皆さんが、今後子ども向けのワークショップやカルチャースクールなどで刺繍を教える時は、こういったこともあるということをご理解ください。

そこで、私は色々な方法をする以前に、まず、2~3本、糸をより分けることを説明し、全員に糸通しを使うことをすすめています。

刺繍のプロを目指す人でも、どんな人を対象にした指導者になるかわかりません。子どもたち野仲には「折りグセ」を理解するのは難しいこともある、と考えて下さい。

刺繍糸の刺し始め

刺繍の刺し始めは、玉結びをせずに捨て糸をする方がきれいに仕上がります。また、刺しはじめを次の糸に隠したり、絡ませることで裏側もきれいに仕上げることができます。

玉結びをしない時は、常に5~6cm余裕をもって糸を残すようにして、後できれいに切るという方法もあります。

刺し始めの方法

刺し始めの方法には、2つの方法があります。1つは一般的な手芸のように「玉結び」をして刺し始める方法と、「捨て糸」という方法があります。捨て糸にも、「捨て糸を最後に始末する方法」「近くの刺繍の裏側に、糸を絡めて結ぶ」「後で隠れる図案の中央から刺す方法」があります。

捨て糸をする(捨て糸は最後に始末する)

捨て糸は、刺し始めの時に玉結びを作らない方法です。線をステッチする場合で、近くに他の刺繍が無いときに使います。

やり方

一般的に手芸をする時は、玉結びをしたら針を裏側から通して引きます。捨て糸は玉結びをせず、糸を生地の表側に5~6cm残して、一針目を裏側に刺す方法です。5~6cmはそのままにして刺し始めます。

糸始末は、仕上がってから行います。

どんな時に適しているか

刺繍の裏側に凸凹を作りたくない、表側の刺繍をきれいに仕上げたい時、線をステッチする場合で、近くに他の刺繍が無いときに適しています。

表側に残してある糸5~6cmを、一針目のところまで糸を裏側に抜き、針穴に糸を通したら、生地の裏側の縫ってある糸に、捨て糸をくぐらせます。数回くぐらせて、2mmくらい残して切ります。

近くの刺繍の裏側に、糸を絡めて結ぶ

近くの刺繍の裏側の糸にからめて刺し始めます。線をステッチする場合で、近くに他の刺繍があるときの刺し始め方です。

やり方

刺繍の一針目ではなく、途中で糸がなくなった時でなどに使う刺し始め方です。生地の裏側にある、すでに縫ってある近くの刺繍糸に、まず1回くぐらせます。

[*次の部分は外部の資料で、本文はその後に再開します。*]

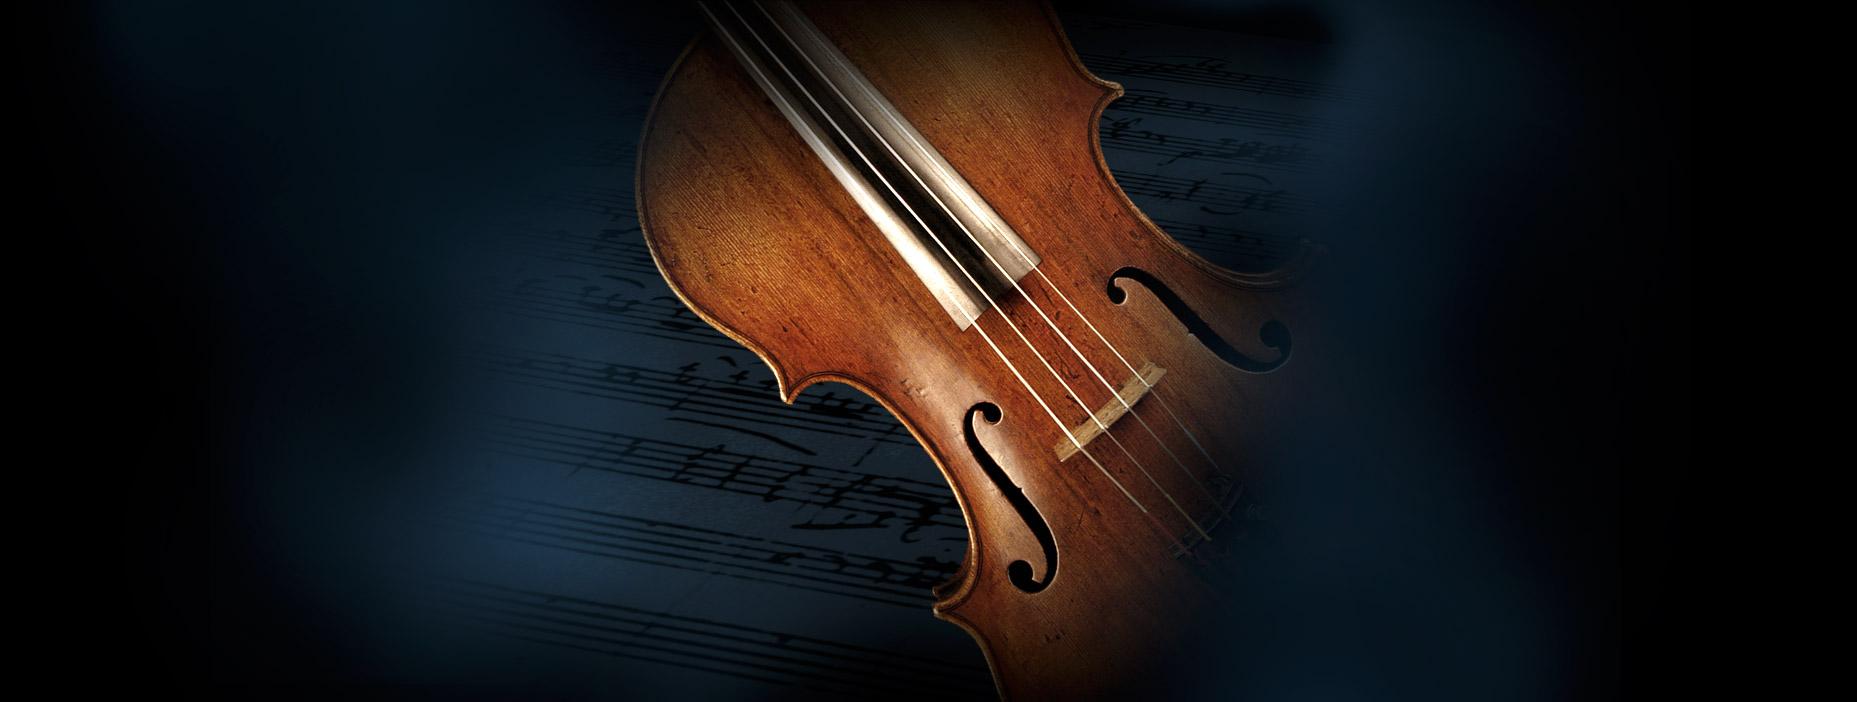 Empresa de Eventos Musicais Para Casamentos, Orquestra e Coral, Corporativo

もう一度くぐらせて、結ぶようにとおします。糸を引っ張って抜けなければ、大丈夫です。「刺し子」の刺繍もこの方法が一番きれいに仕上がります。

どんな時に適しているか

線をステッチする場合で、近くに他の刺繍があるときに絡めて結びます。比較的簡単な刺し始め方です。

面を縫う時は、後で隠れる図案の中央から刺す方法も

サテンステッチのように、面で縫う時は面の下に隠れる図案の中央から刺すという方法があります。

やり方

まずは、図案の真ん中に小さな間隔で針を刺し小さくすくいます。2~3mm残して、はじめに針を入れた近くに針を入れます。

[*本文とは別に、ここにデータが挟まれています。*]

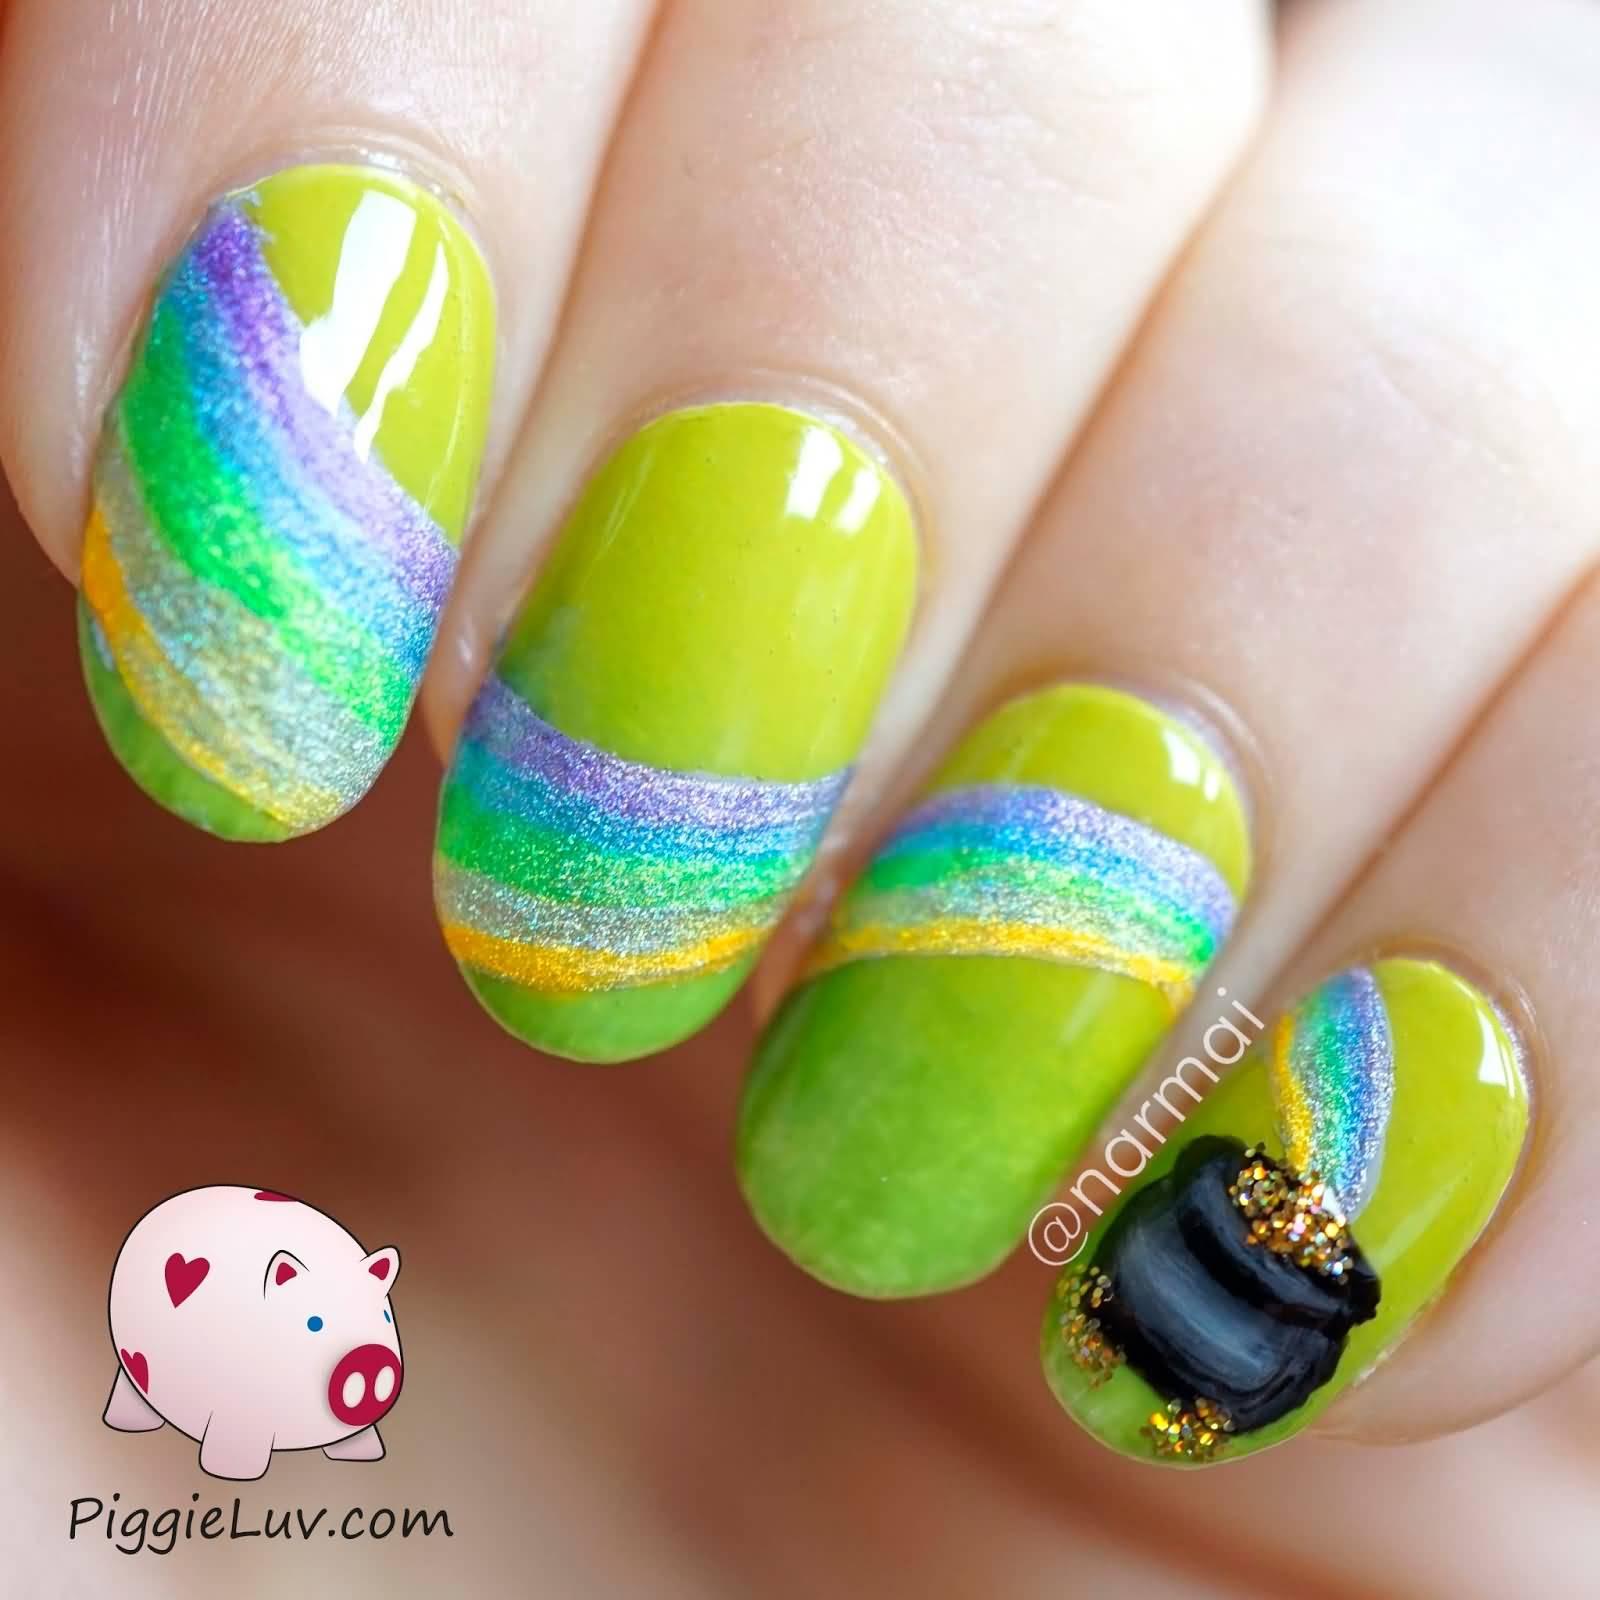 Rainbow Design And Pot Of Gold Saint Patrick\'s Day Nail Art

全体のサテン刺しをすると、はじめの糸が中に隠れるようになります。

どんな時に適しているか

サテンステッチのように、全体に面で隠れるところに始める刺し方です。

裏が見えない時や初心者や玉結びでもOK

刺繍した生地に裏地がつく、額縁に入れるなど裏が見えない刺繍は、玉結びをしても大丈夫です。しかし、玉結びの方が難しいという人もいます。

自分でやりやすい刺し方で始めましょう。

刺繍糸の刺し終わり

刺繍糸の刺し終わりも、玉止めを作らないことで、きれいに仕上げることができます。

裏側の縫い目に糸を絡める

刺し終わりは、線の時と面の時では、少しだけ違います。

やり方

ランニングステッチのような線の刺し終わりは、残しておいた糸を裏に出して、針にとおしてから、裏の糸にくぐらせて始末します。くぐらせるときは、2~3回絡めるようにします。最後は抜けないことを確認して糸を切ります。

刺し子の時も、この方法で糸始末をします。

サテンステッチのような面の時は、裏地側に返し、針をとおしたらサテンステッチの裏面の中に通し、真ん中で一度針を抜き、さらに小さく通し抜きます。引きすぎないように数回通したら、糸を切ります。

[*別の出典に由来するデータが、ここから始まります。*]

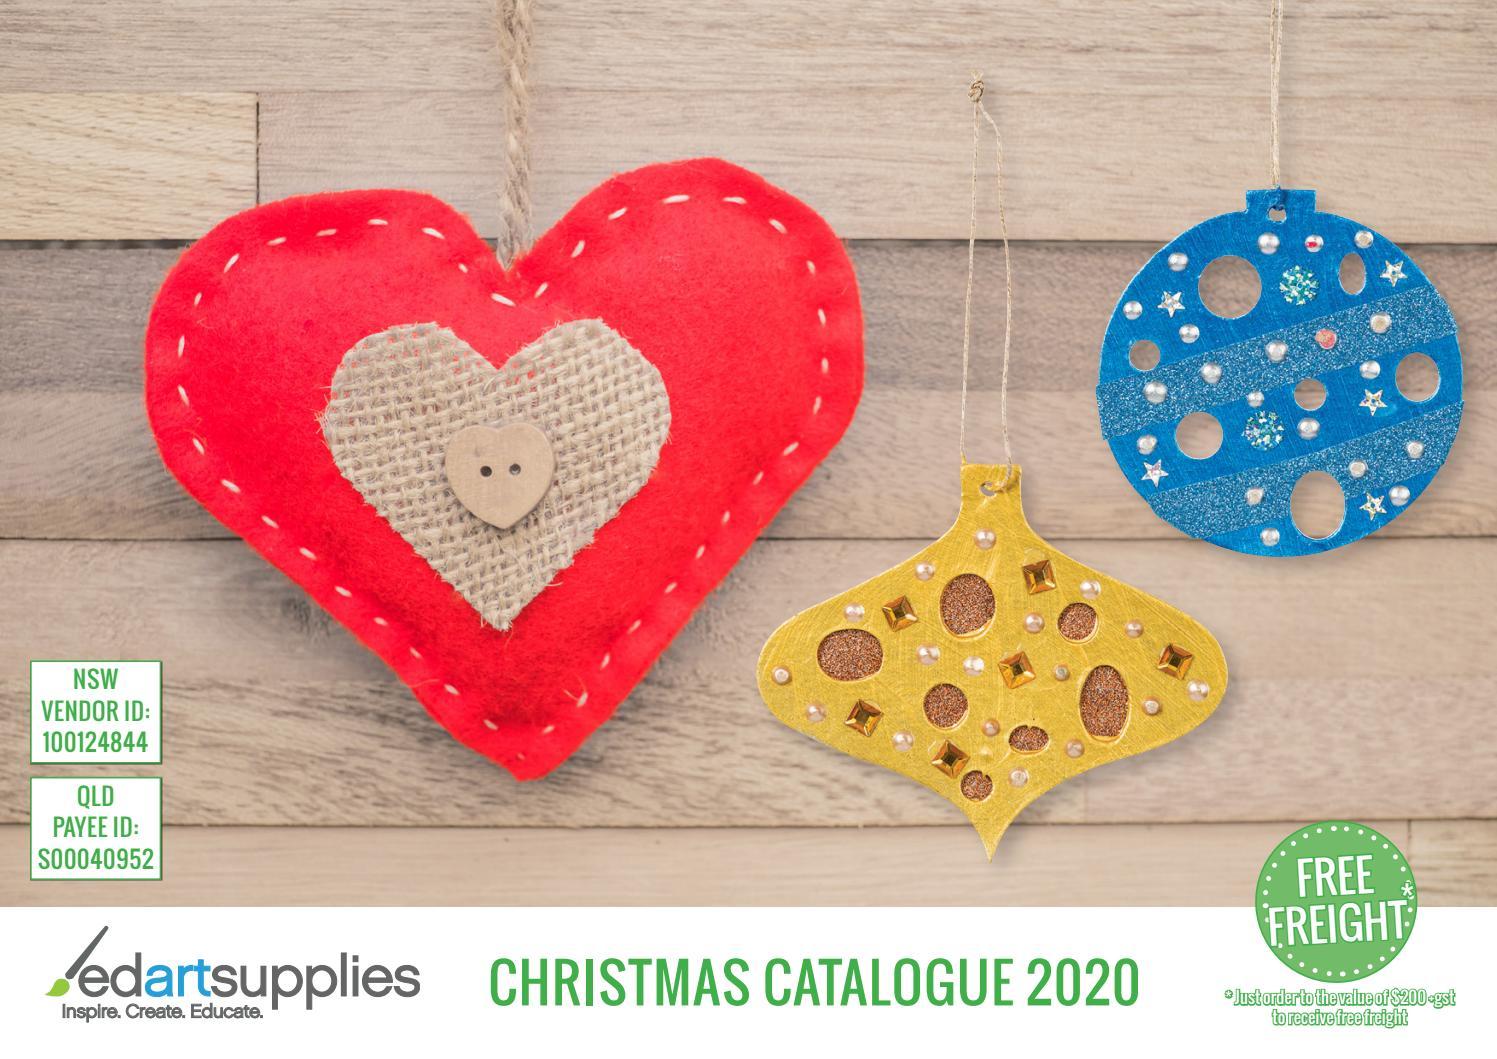 Christmas Catalogue 2020 By Edartsupplies Issuu

刺し始めの時、捨て糸をした場合は、捨て糸も裏に通し同様に処理する

刺し始めで捨て糸をしたとき、捨て糸も裏に通して同じ様に処理をします。ランニングステッチと同じように、残した糸を裏に通し、裏の糸にくぐらせて2~3回絡めて、糸を切ります。

裏が見えない時や初心者や玉結びでもOK

刺し始めと同じように、裏が見えない時は玉止めによる始末の仕方でも大丈夫です。玉止めや玉結びの方が、難しいという人も多くいます。刺繍はきれいに仕上がることが一番です。しかし、しっかりと留めるために引きすぎて糸がつってしまう、ということもあります。

そこで、慣れない時は玉結びや玉止めで留めても大丈夫です。

刺繍糸を針に通すコツと、刺繍の刺し始め・刺し終わりの方法についてのまとめ

刺繍糸を針に通すコツと、刺繍の刺し始め・刺し終わりの方法でした。刺繍をきれいに刺すためには、刺繍糸をきれいに針に通すことから始まります。

そして、刺し始めと刺し終わりの方法も正しく刺すことで、最後まできれいな作品になります。

正しく刺すことで、きれいな作品に仕上げましょう。